<<<<
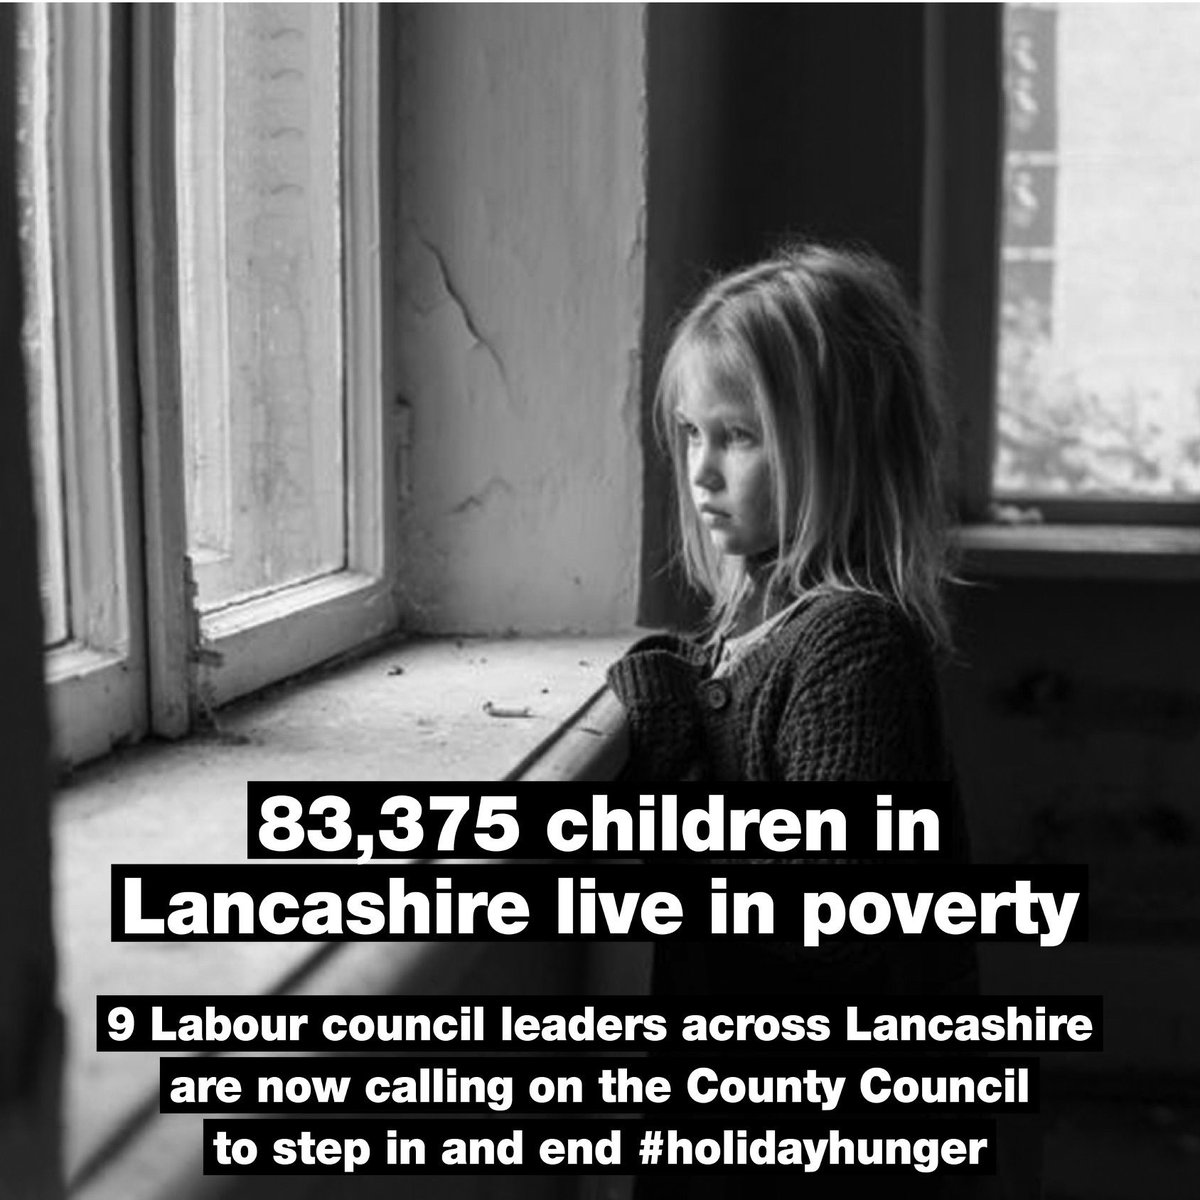 Warning over 'record levels' of child poverty in East Lancashire

With 83,375 children in Lancashire living in poverty, nine Labour council leaders across Lancashire have written to Conservative leader Geoff Driver calling on the County Council to step in and end #holidayhunger.
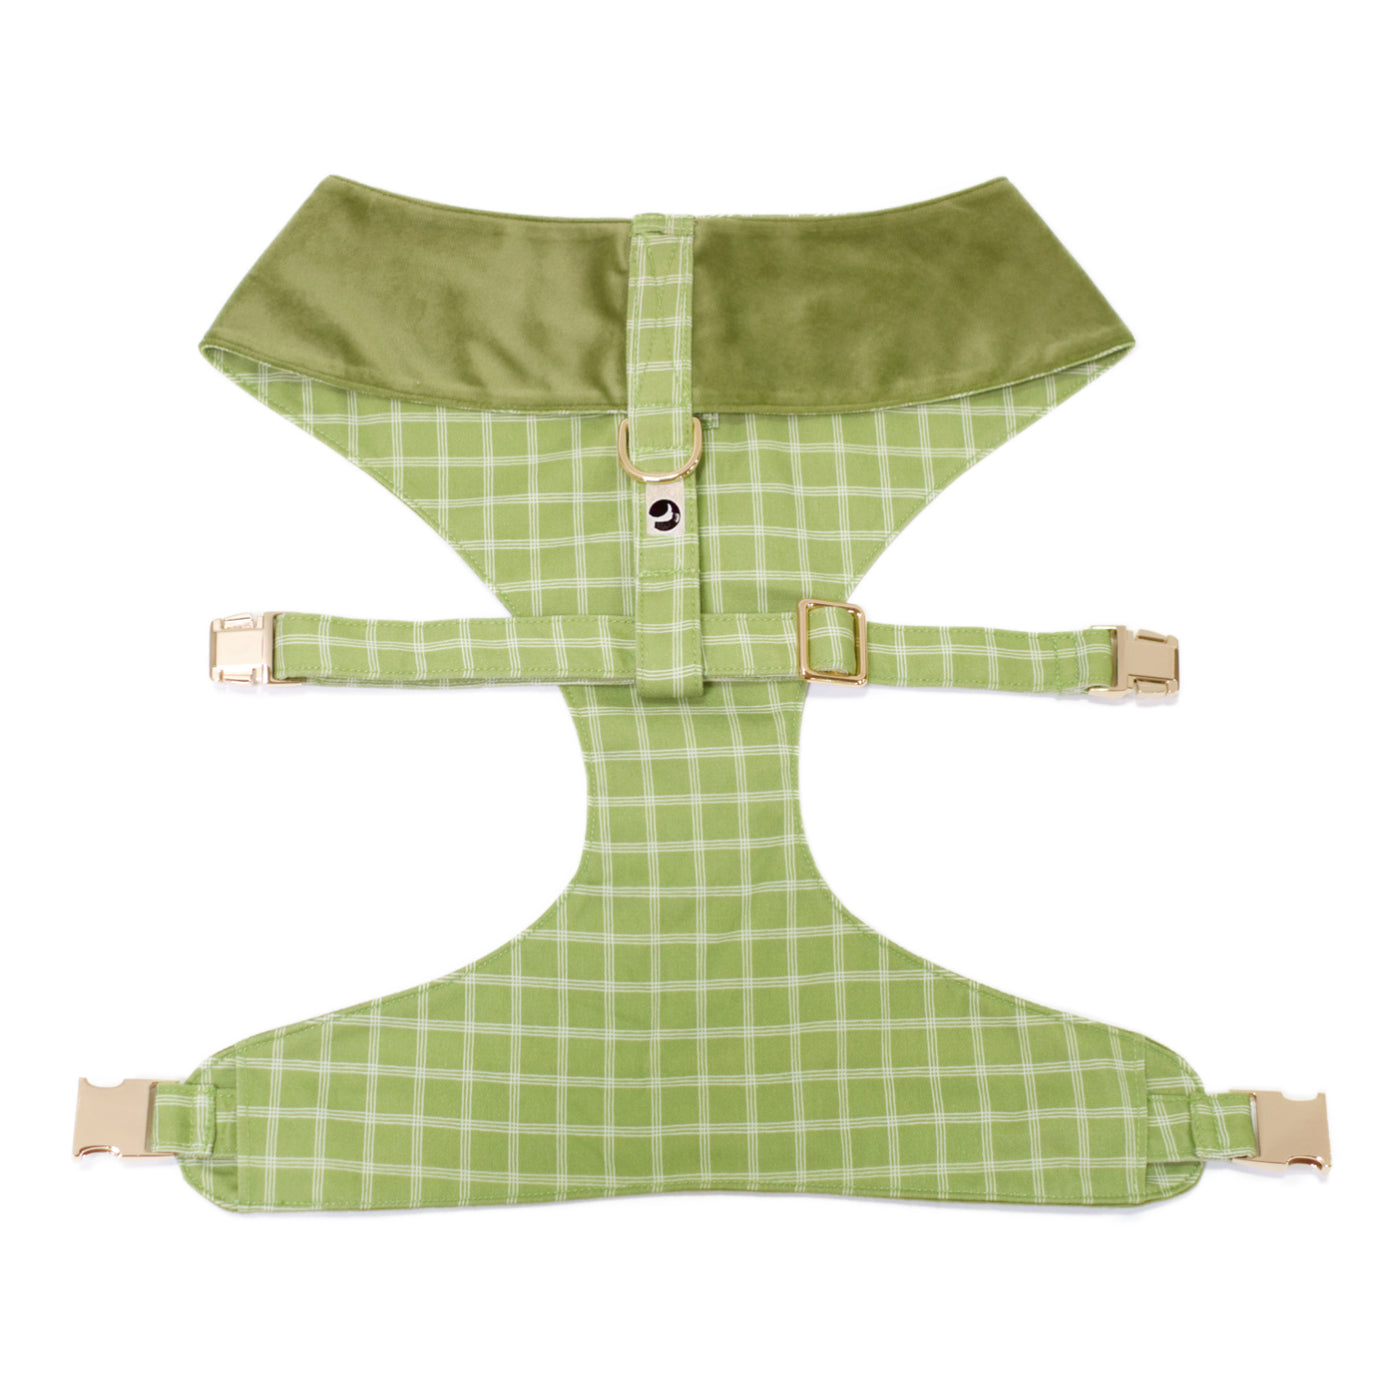 Top/back view of olive green velvet dog harness and spring green plaid reverse
>>>>
* ACTION ITEM
Give the data again word for word, without images.

* ANSWER SECTION
 Warning over 'record levels' of child poverty in East Lancashire

With 83,375 children in Lancashire living in poverty, nine Labour council leaders across Lancashire have written to Conservative leader Geoff Driver calling on the County Council to step in and end #holidayhunger.
 Top/back view of olive green velvet dog harness and spring green plaid reverse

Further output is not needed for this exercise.